- **What you need to do**
Write every entry out again, exactly as given.

[Collection entries]
_ _ _ _

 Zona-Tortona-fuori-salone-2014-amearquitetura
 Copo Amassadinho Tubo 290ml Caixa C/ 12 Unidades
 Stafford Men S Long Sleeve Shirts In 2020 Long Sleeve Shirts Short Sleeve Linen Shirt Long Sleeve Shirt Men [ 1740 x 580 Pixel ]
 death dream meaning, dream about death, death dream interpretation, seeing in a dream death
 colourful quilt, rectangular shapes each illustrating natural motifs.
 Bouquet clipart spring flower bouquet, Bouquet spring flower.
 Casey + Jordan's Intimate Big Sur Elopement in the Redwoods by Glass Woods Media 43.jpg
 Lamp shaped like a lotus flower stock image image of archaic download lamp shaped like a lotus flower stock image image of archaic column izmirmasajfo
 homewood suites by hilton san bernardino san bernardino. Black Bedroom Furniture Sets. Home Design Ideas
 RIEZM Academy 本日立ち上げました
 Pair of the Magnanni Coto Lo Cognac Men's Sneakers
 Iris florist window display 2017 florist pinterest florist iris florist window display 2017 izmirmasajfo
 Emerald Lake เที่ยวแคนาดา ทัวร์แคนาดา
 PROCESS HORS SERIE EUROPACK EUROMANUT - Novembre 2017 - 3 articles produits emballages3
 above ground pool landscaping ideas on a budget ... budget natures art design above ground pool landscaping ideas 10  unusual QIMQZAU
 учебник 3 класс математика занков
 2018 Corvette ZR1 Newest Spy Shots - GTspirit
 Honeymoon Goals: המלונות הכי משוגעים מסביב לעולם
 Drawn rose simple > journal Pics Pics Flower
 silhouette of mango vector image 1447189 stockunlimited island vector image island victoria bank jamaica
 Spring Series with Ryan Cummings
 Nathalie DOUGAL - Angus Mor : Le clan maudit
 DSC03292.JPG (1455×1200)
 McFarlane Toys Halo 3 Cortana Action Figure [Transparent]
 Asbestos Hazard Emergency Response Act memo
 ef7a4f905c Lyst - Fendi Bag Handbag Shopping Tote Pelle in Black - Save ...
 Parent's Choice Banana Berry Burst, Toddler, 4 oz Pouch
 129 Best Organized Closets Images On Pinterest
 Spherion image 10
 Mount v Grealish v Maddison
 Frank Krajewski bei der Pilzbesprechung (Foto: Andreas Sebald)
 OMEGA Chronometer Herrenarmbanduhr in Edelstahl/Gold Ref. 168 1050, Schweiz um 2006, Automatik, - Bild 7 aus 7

_ _ _ _

- **Answer below**
 Zona-Tortona-fuori-salone-2014-amearquitetura
 Copo Amassadinho Tubo 290ml Caixa C/ 12 Unidades
 Stafford Men S Long Sleeve Shirts In 2020 Long Sleeve Shirts Short Sleeve Linen Shirt Long Sleeve Shirt Men [ 1740 x 580 Pixel ]
 death dream meaning, dream about death, death dream interpretation, seeing in a dream death
 colourful quilt, rectangular shapes each illustrating natural motifs.
 Bouquet clipart spring flower bouquet, Bouquet spring flower.
 Casey + Jordan's Intimate Big Sur Elopement in the Redwoods by Glass Woods Media 43.jpg
 Lamp shaped like a lotus flower stock image image of archaic download lamp shaped like a lotus flower stock image image of archaic column izmirmasajfo
 homewood suites by hilton san bernardino san bernardino. Black Bedroom Furniture Sets. Home Design Ideas
 RIEZM Academy 本日立ち上げました
 Pair of the Magnanni Coto Lo Cognac Men's Sneakers
 Iris florist window display 2017 florist pinterest florist iris florist window display 2017 izmirmasajfo
 Emerald Lake เที่ยวแคนาดา ทัวร์แคนาดา
 PROCESS HORS SERIE EUROPACK EUROMANUT - Novembre 2017 - 3 articles produits emballages3
 above ground pool landscaping ideas on a budget ... budget natures art design above ground pool landscaping ideas 10  unusual QIMQZAU
 учебник 3 класс математика занков
 2018 Corvette ZR1 Newest Spy Shots - GTspirit
 Honeymoon Goals: המלונות הכי משוגעים מסביב לעולם
 Drawn rose simple > journal Pics Pics Flower
 silhouette of mango vector image 1447189 stockunlimited island vector image island victoria bank jamaica
 Spring Series with Ryan Cummings
 Nathalie DOUGAL - Angus Mor : Le clan maudit
 DSC03292.JPG (1455×1200)
 McFarlane Toys Halo 3 Cortana Action Figure [Transparent]
 Asbestos Hazard Emergency Response Act memo
 ef7a4f905c Lyst - Fendi Bag Handbag Shopping Tote Pelle in Black - Save ...
 Parent's Choice Banana Berry Burst, Toddler, 4 oz Pouch
 129 Best Organized Closets Images On Pinterest
 Spherion image 10
 Mount v Grealish v Maddison
 Frank Krajewski bei der Pilzbesprechung (Foto: Andreas Sebald)
 OMEGA Chronometer Herrenarmbanduhr in Edelstahl/Gold Ref. 168 1050, Schweiz um 2006, Automatik, - Bild 7 aus 7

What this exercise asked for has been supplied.